Sabotage:
The Ultimate Video Game
What office worker hasn't thought of dousing the keyboard of her word processor
with a cup of steaming coffee, hurling her modular telephone handset through the
plate glass window of her supervisor's cubicle, or torching up the stack of input
forms waiting in her in-box with a "misplaced'' cigarette? The impulse to sabotage
the work environment is probably as old as wage-labor itself, perhaps older. Life
in an office often means having to endure nonsensical procedures, the childish
whims of supervisors and the humiliation of being someone's subordinate. It's
no wonder that many of us take out our frustrations on the surroundings that are
part of our working life.
The current upsurge in the use of computerized business machines has added fuel
to the fire, so to speak. Word processors, remote terminals, data phones, and
high speed printers are only a few of the new breakable gadgets that are coming
to dominate the modern office. Designed for control and surveillance, they often
appear as the immediate source of our frustration. Damaging them is a quick way
to vent anger or to gain a few extra minutes of "downtime.''
Sabotage is more than an inescapable desire to bash calculators. It is neither
a simple manifestation of machine-hatred nor is it a new phenomenon that has appeared
only with the introduction of computer technology. Its forms are largely shaped
by the setting in which they take place. The sabotage of new office technology
takes place within the larger context of the modern office, a context which includes
working conditions, conflict between management and workers, dramatic changes
in the work process itself and, finally, relationships between clerical workers
themselves.
Power and Control in the Office
Once considered a career that required a good deal of skill, the clerical job
now closely resembles an assembly line station. Office management has consciously
applied the principles of scientific management to the growing flow of paper and
money, breaking the process down into components, routinizing and automating the
work, and reserving the more "mental'' tasks for managers or the new machines.

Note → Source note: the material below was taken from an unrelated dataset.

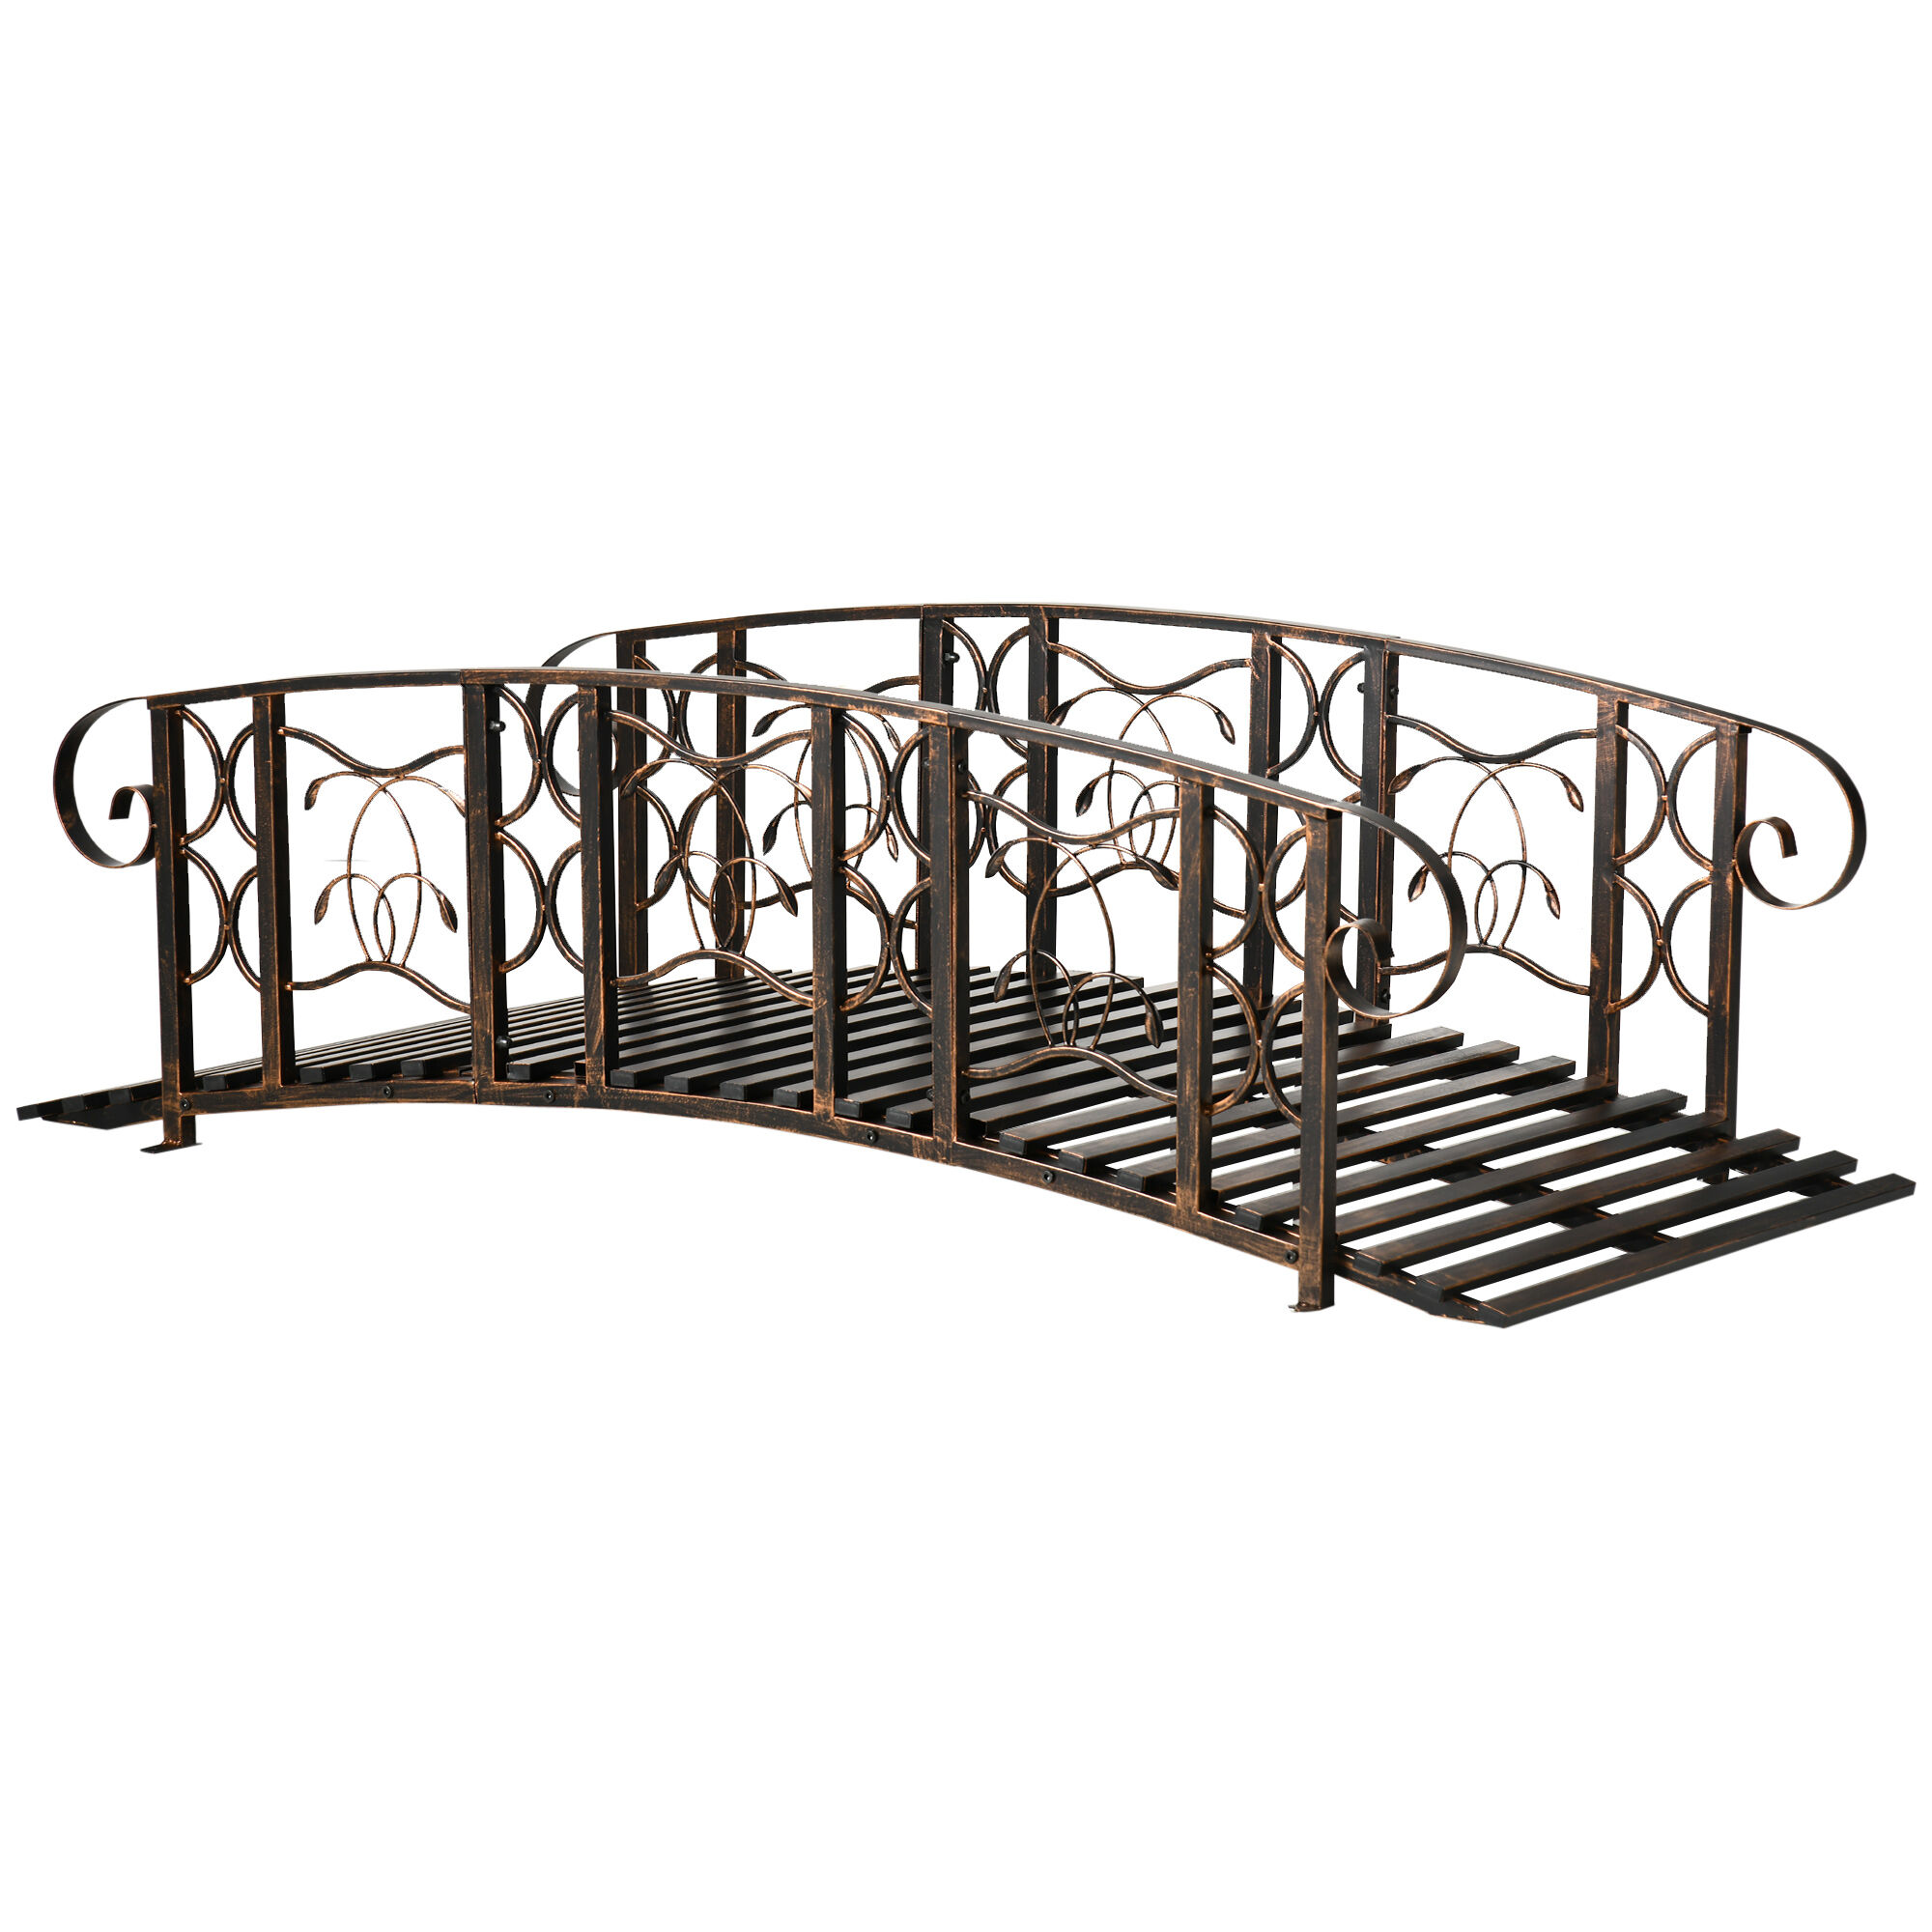 Outsunny 6' Metal Garden Bridge with Safety Siderails, Vine Motifs, Ourdoor Decorative Arch Bridge for Pond and Backyard Landscaping
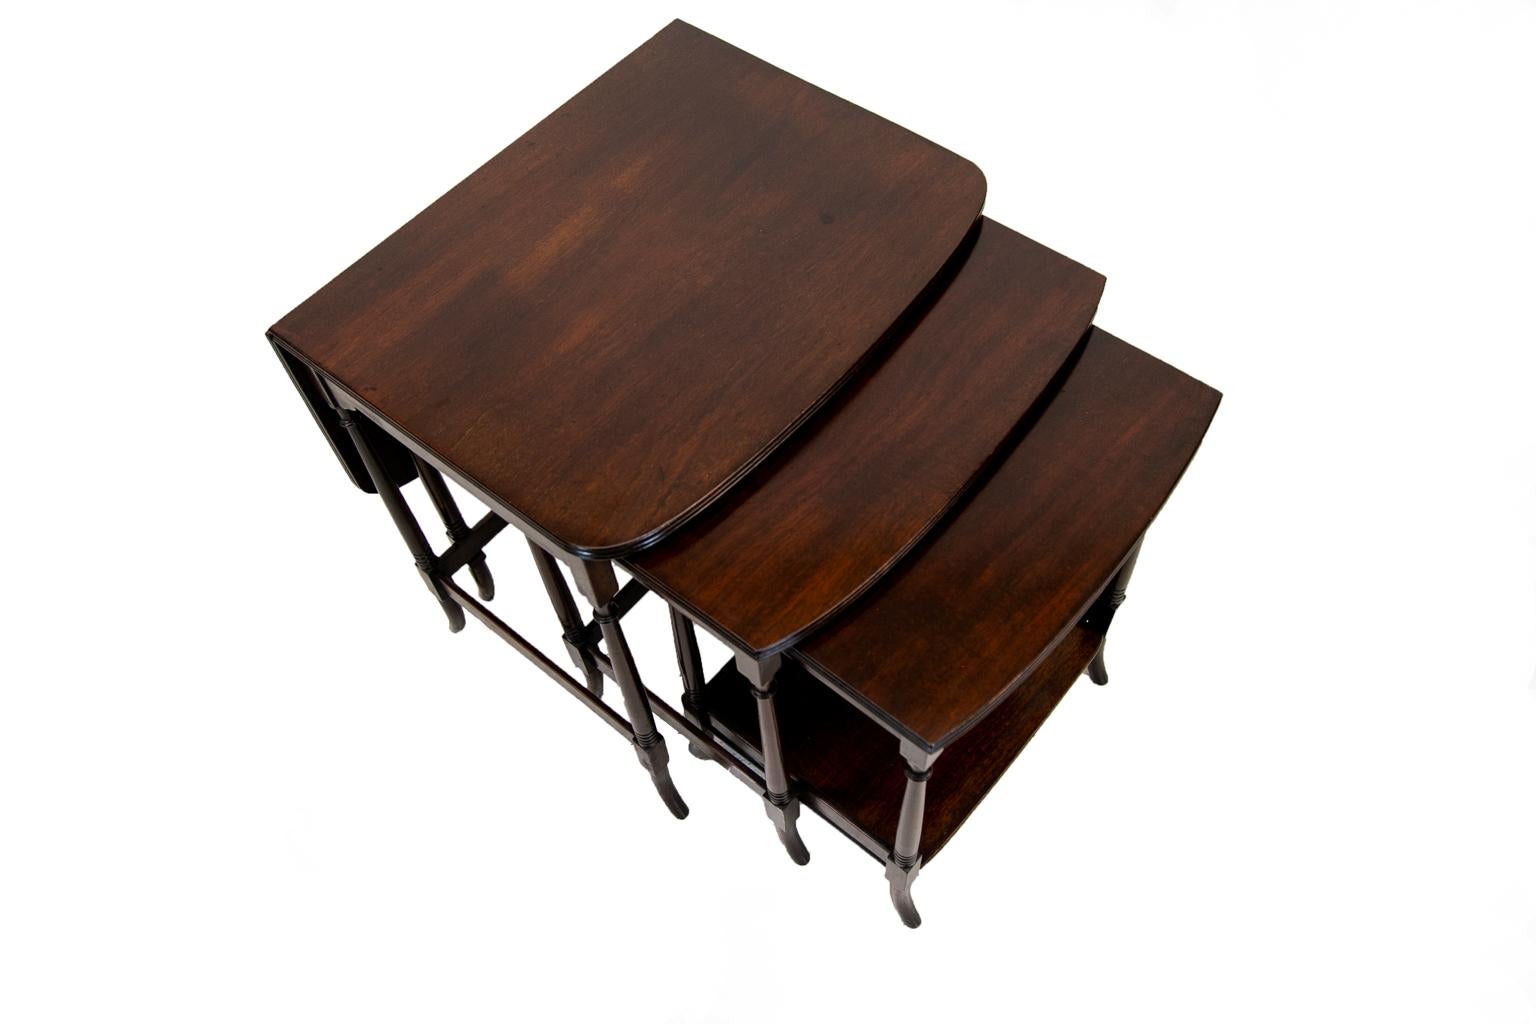 This English nest of three tables is solid mahogany. The smallest table has a shelf with a three sided gallery. All three tables have tripled reeded edges. The largest table has a rear drop leaf that can be raised if desired, and is supported by a

The growth and bureaucratization of the information-handling needs of modern corporations
and governments has changed the small "personal'' office into huge organizations
complete with complex hierarchies and explicitly defined work relationships. No
one is exempt from being situated in the organizational chart. The myriad of titles
and grades tends to inhibit a sense of common experience, since everyone else's
situation seems slightly different from one's own. Each spot on the hierarchy
has its privileges and implied power over those below it, and its requirements
of subordination to those above. This social fragmentation is all the more alienating
because it occurs within the context of a supposed social equality. There is a
pretense of friendliness among all office employees regardless of their rank.
This "nice'' atmosphere works conveniently to legitimate the hierarchy. If it
seems that everyone is equal and has an equal chance to climb the ladder, the
ladder itself appears as the emblem of this "equal opportunity.'' All this makes
for an extremely subtle set of power relations.
Rather than through raw confrontation, power is reinforced by imbuing the entire
office terrain with its symbols through things like dress, the size of one's desk
or workspace, and "perks.'' In such a setting, people may try to reduce their
powerlessness by playing the game of privilege or forming alliances with those
more powerful than themselves. Indeed, this type of behavior is almost required
for survival in a typical office.
In addition to these implicit power relations, many offices (especially the larger
corporations) have formalized procedures to handle open conflict when it occurs.
Most of these companies have personnel departments that try to mediate between
managers and their underlings. While most people recognize these substitutes for
unions as biased at best, there is often no alternative, especially when collective
action doesn't seem possible. This process of taking complaints up the hierarchy
is the reflection of power cliques and manipulation that hold sway on the more
informal level. As such, it indicates the conscious attempt on the part of management
to undermine any workers' initiatives to organize autonomously, reinforcing the
hierarchy as the only legitimate framework for work, conflict, in short, for all
aspects of social life.
Office Culture vs. Office Hierarchy
Given the stifling atmosphere of office life it is easy to see why white collar
workers have rarely developed organizational forms (like unions) but have relied
on different techniques and strategies to oppose both the reorganization of their
work and the introduction of new technology. Despite the constraints imposed by
bureaucracy, an informal office work culture subverts the "normal'' office order.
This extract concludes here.